TASK PROMPT:
Return the listing below unchanged, but without pictures.

DATA SEGMENT:
▶

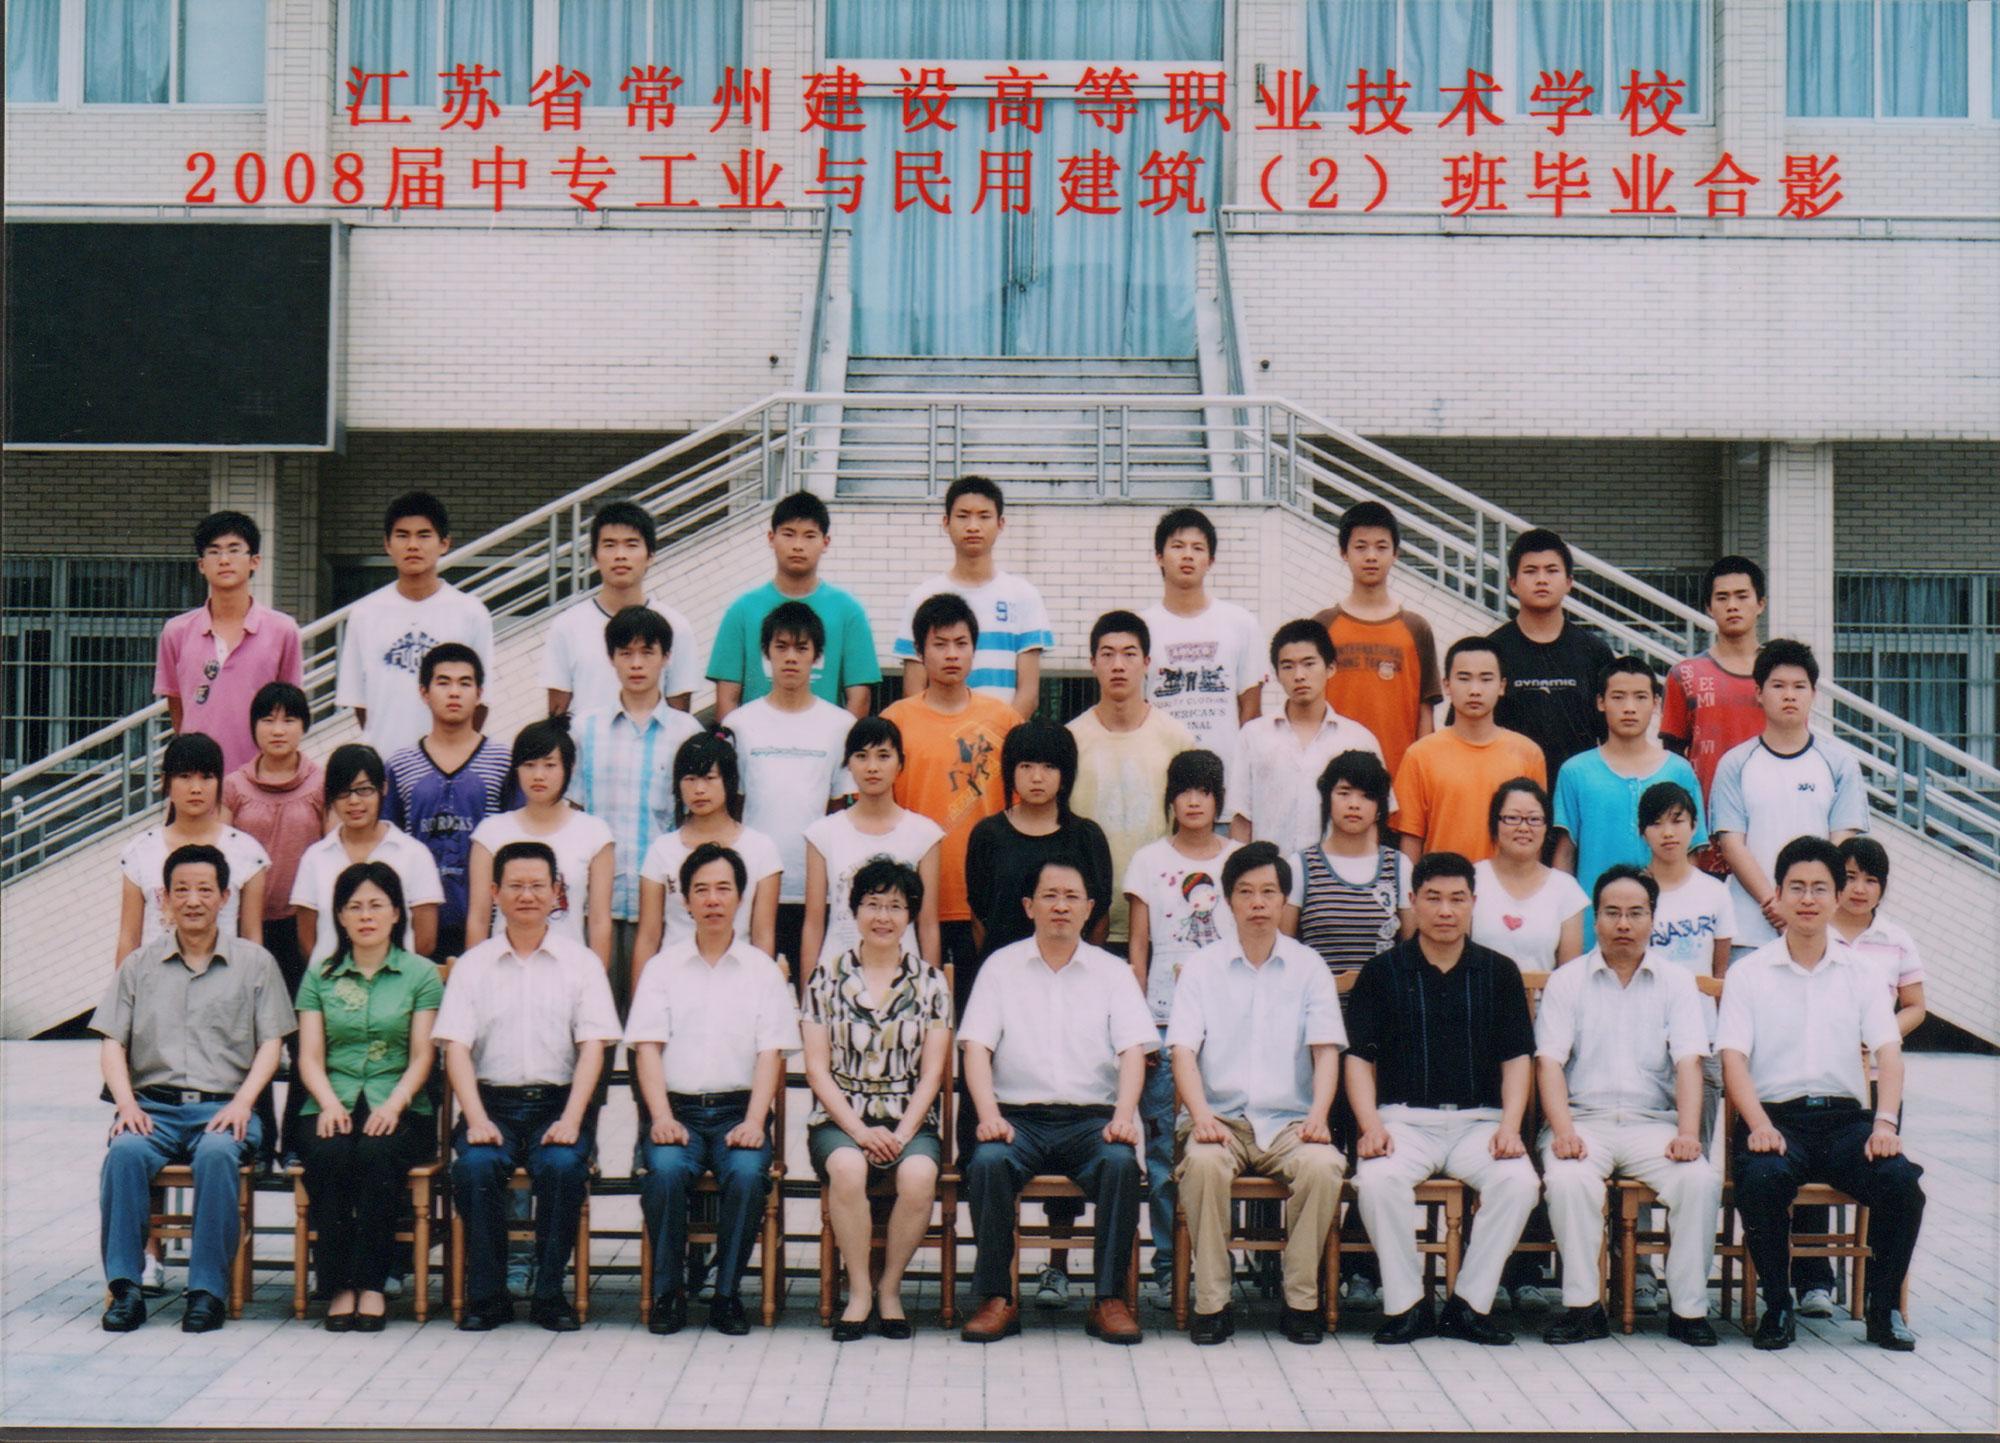 2008届中专工业与民用建筑(2)班...
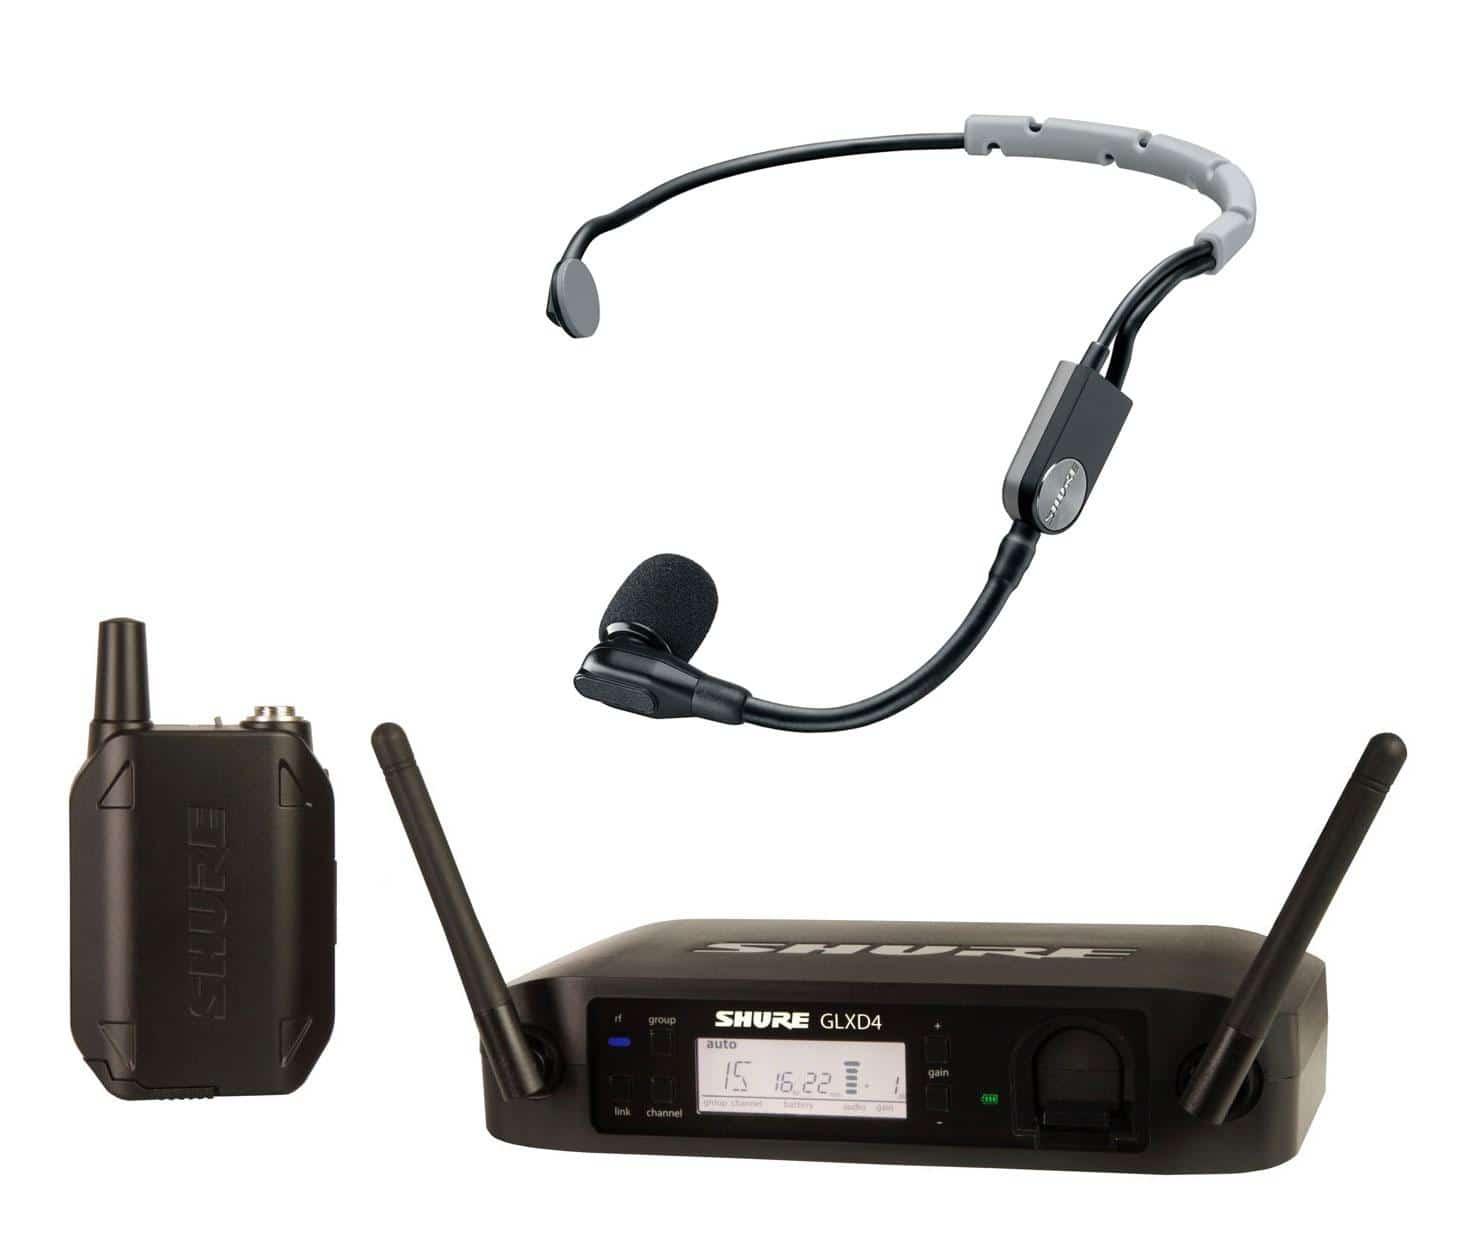 Drahtlossysteme - Shure GLXD14|SM35 Headset Funksystem - Onlineshop Musikhaus Kirstein
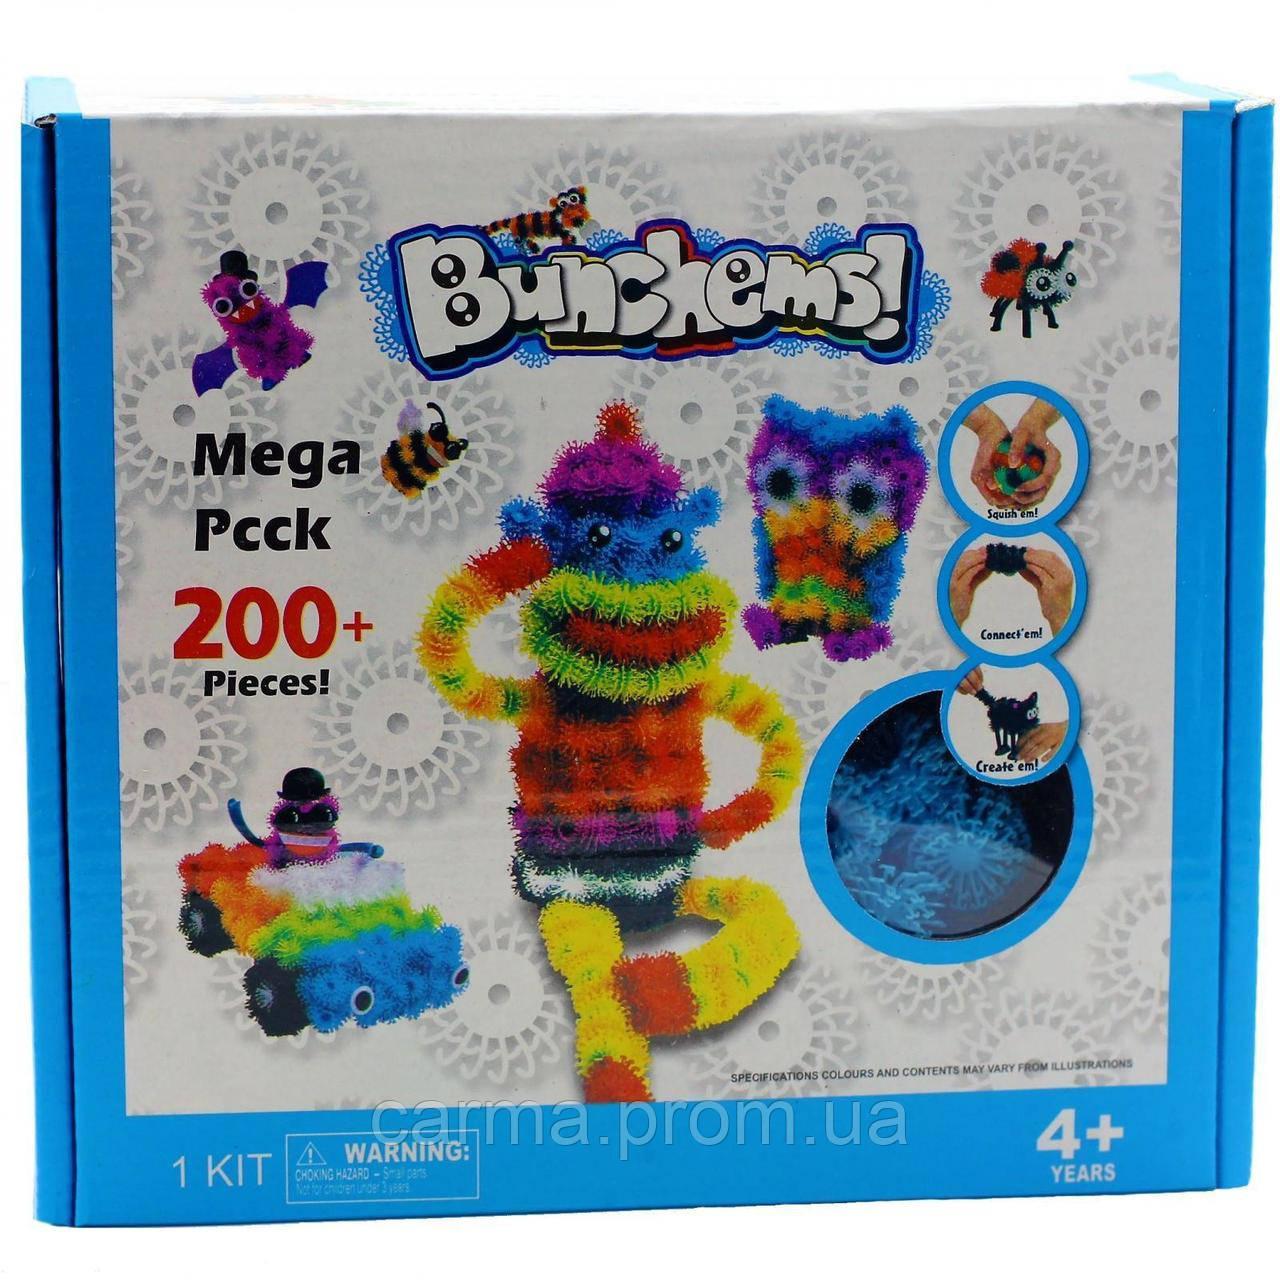 Детский конструктор липучка Bunchems Банчемс 200 Pieces Вязкий пушистый шарик более 200 деталей

◀

RESPONSE TO THIS TASK:
 2008届中专工业与民用建筑(2)班...
 Drahtlossysteme - Shure GLXD14|SM35 Headset Funksystem - Onlineshop Musikhaus Kirstein
 Детский конструктор липучка Bunchems Банчемс 200 Pieces Вязкий пушистый шарик более 200 деталей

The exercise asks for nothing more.